### GIVEN INFORMATION
"""
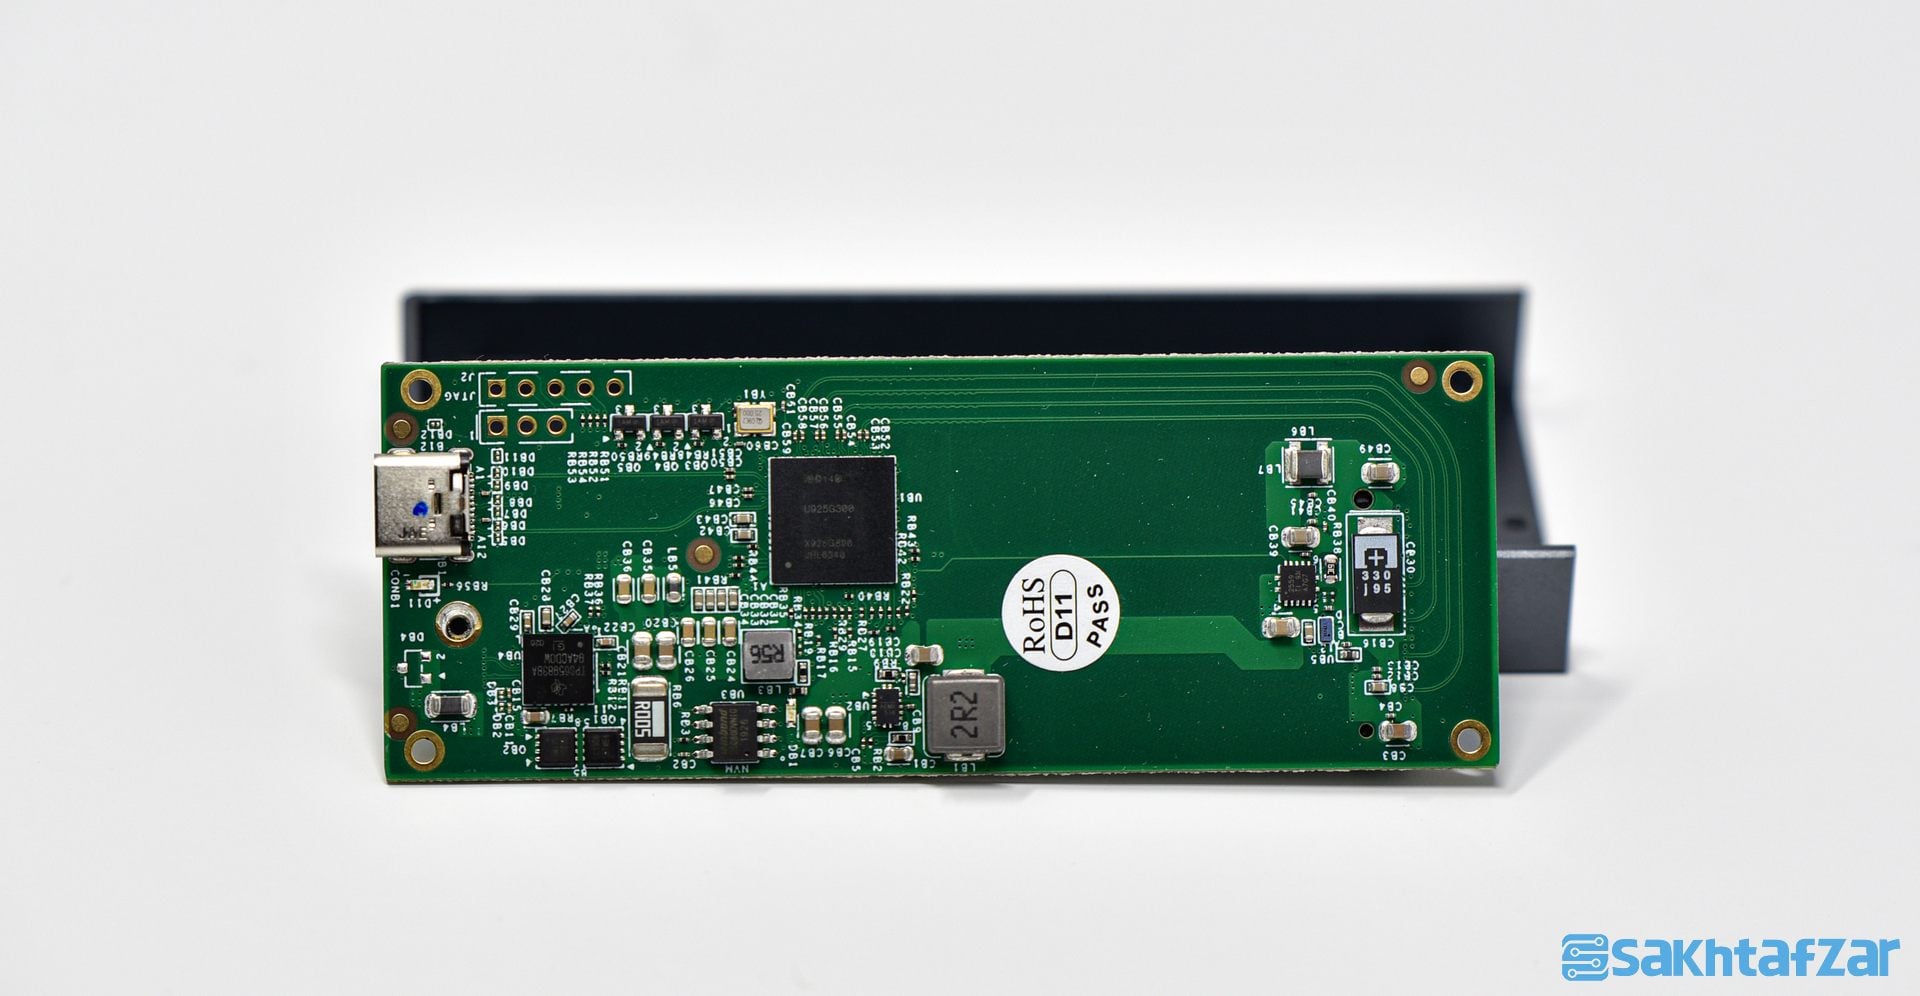 بررسی باکس Thunderbolt 3 NVME M.2 SSD و درایو NVME M.2 SSD V500 جدید شرکت Orico
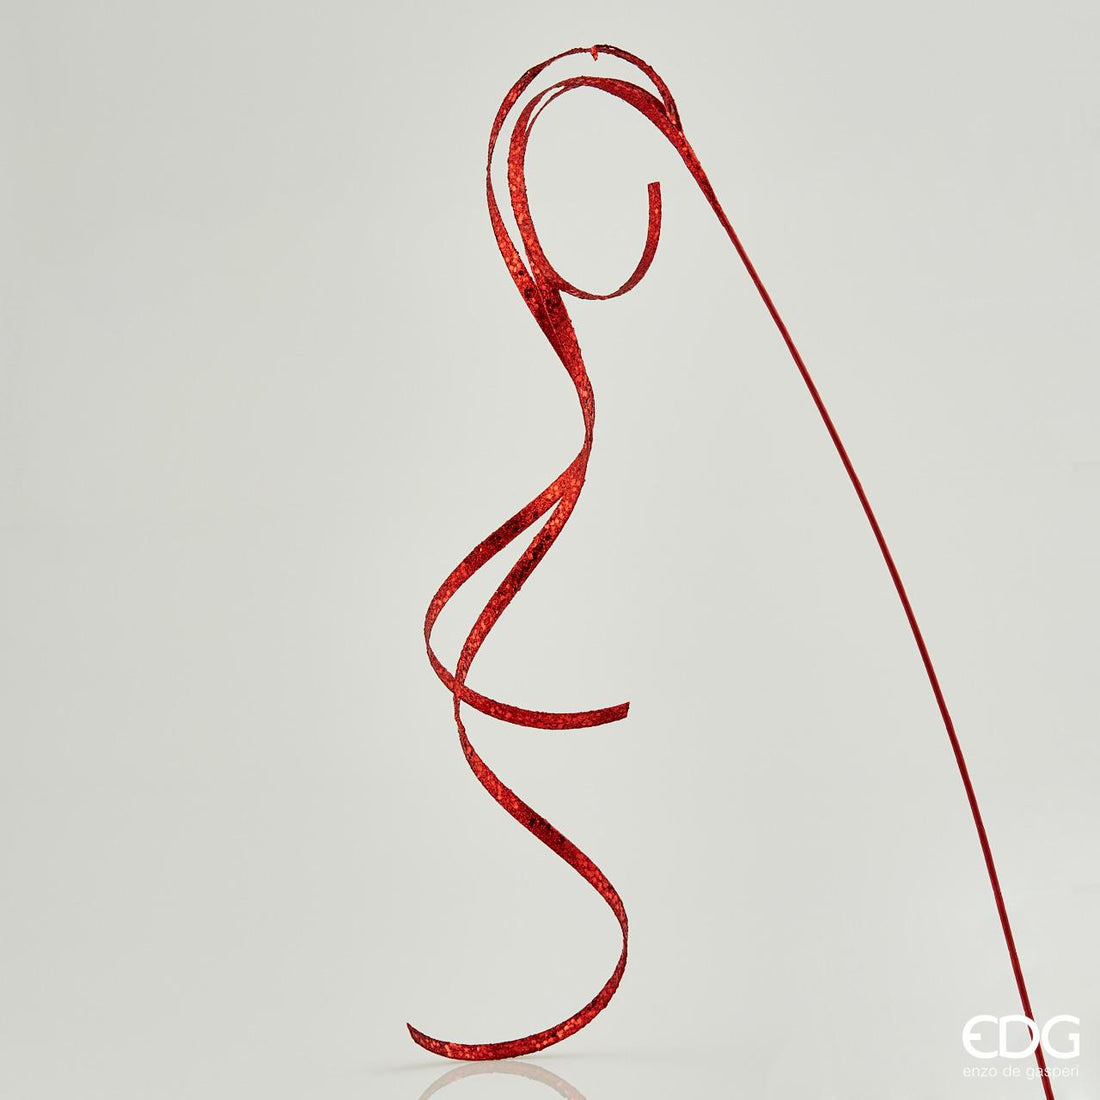 EDG - Filante Decorazione Natalizia Addobbi Natale Rosso 155cm
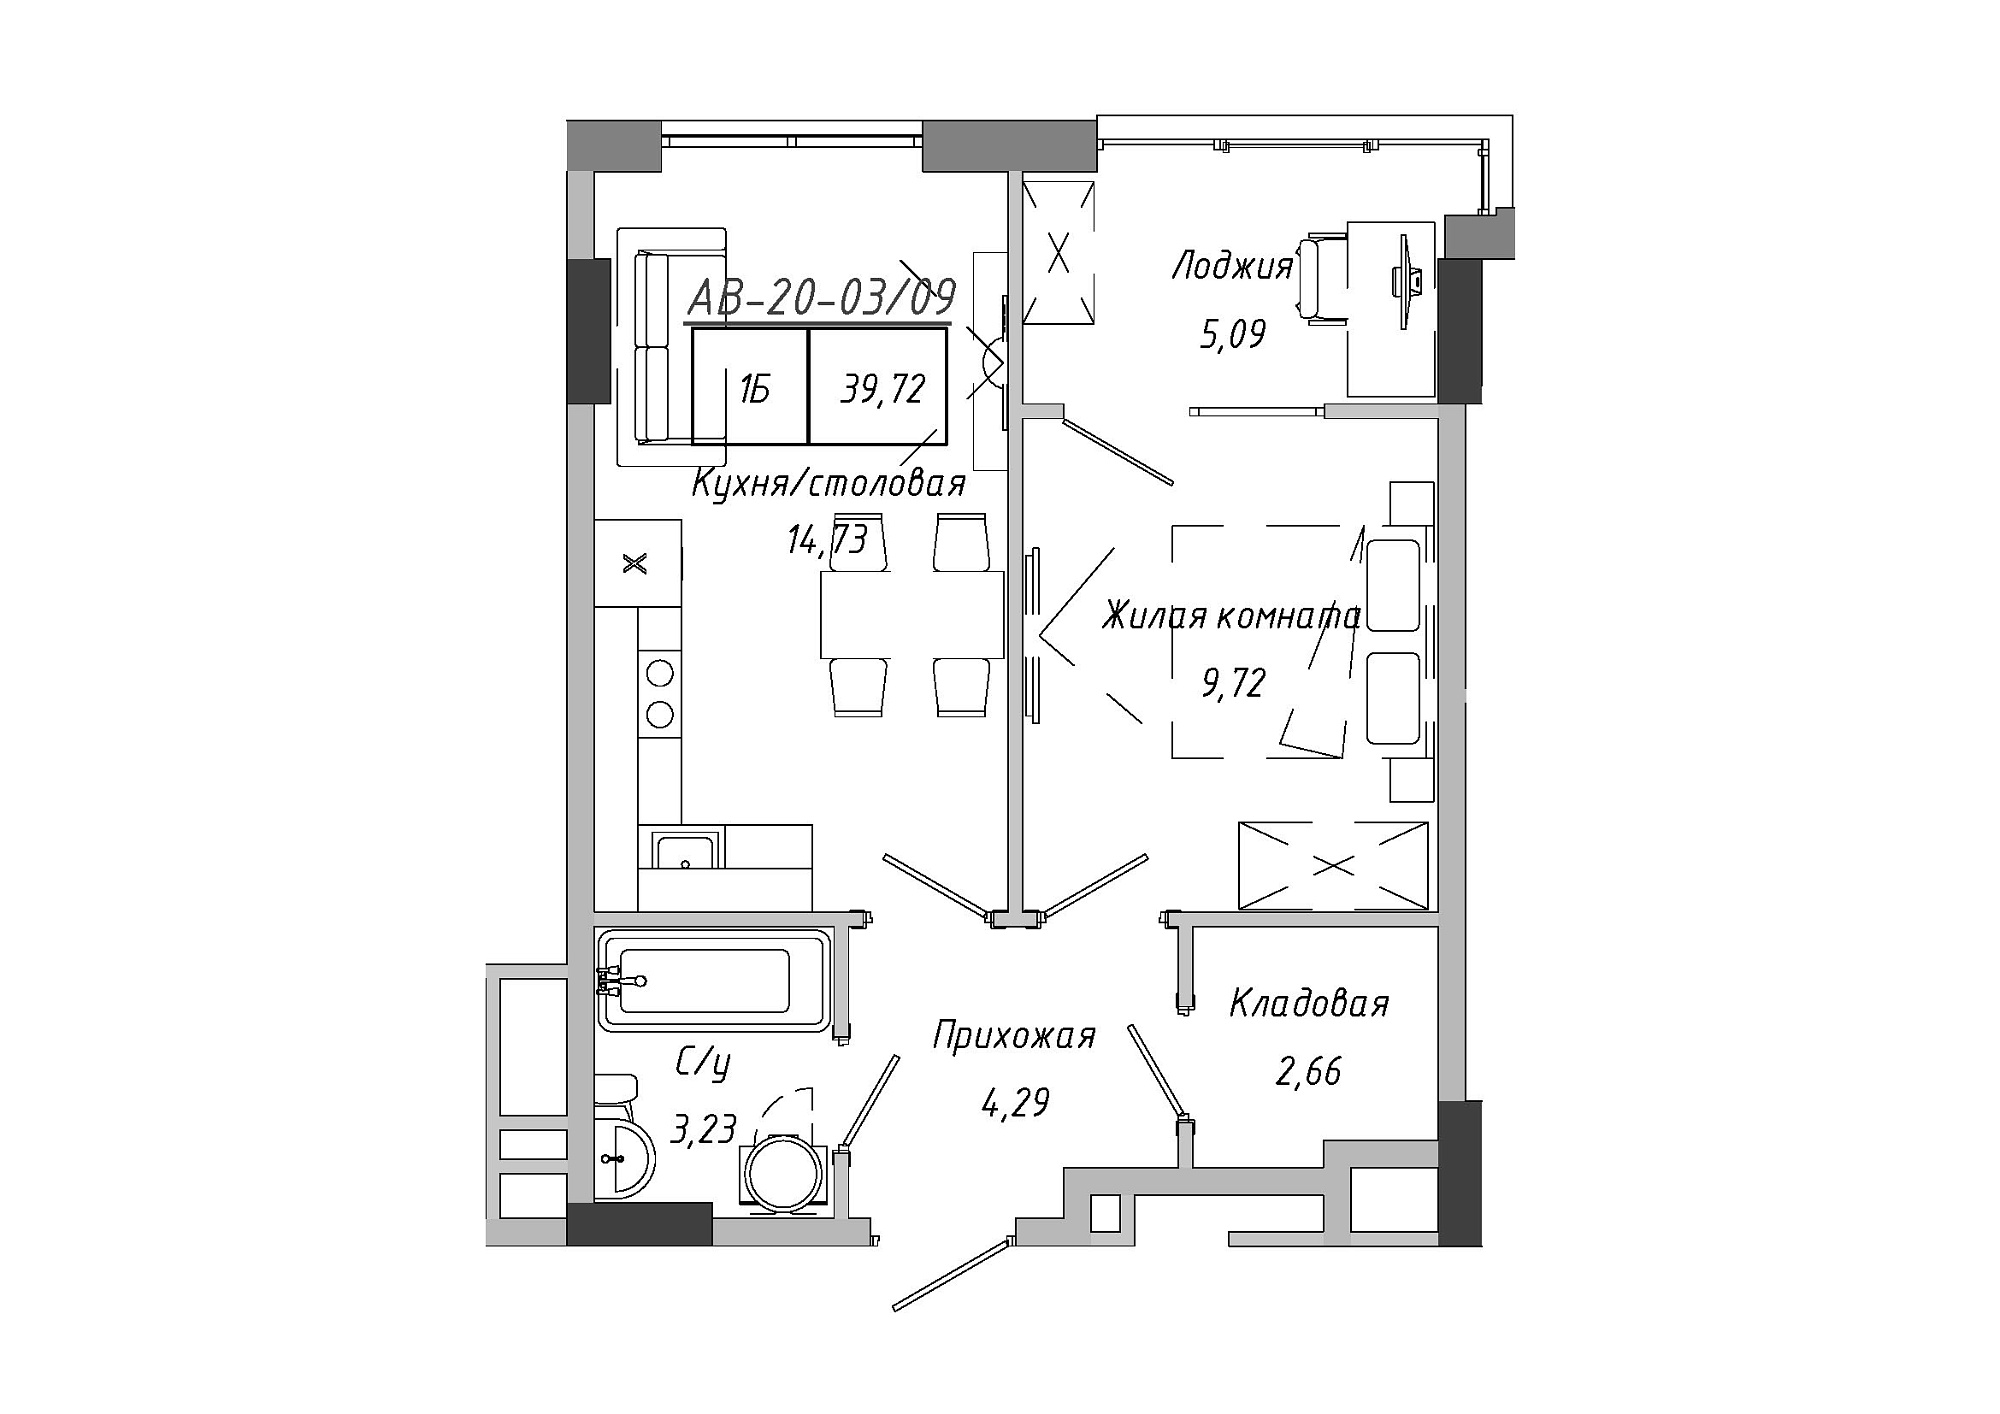 Планировка 1-к квартира площей 39.72м2, AB-20-03/00009.
"""
### WORK INSTRUCTION
Please copy the data shown above precisely, leaving the images out.

### SOLVED PROBLEM
 بررسی باکس Thunderbolt 3 NVME M.2 SSD و درایو NVME M.2 SSD V500 جدید شرکت Orico
 EDG - Filante Decorazione Natalizia Addobbi Natale Rosso 155cm
 Планировка 1-к квартира площей 39.72м2, AB-20-03/00009.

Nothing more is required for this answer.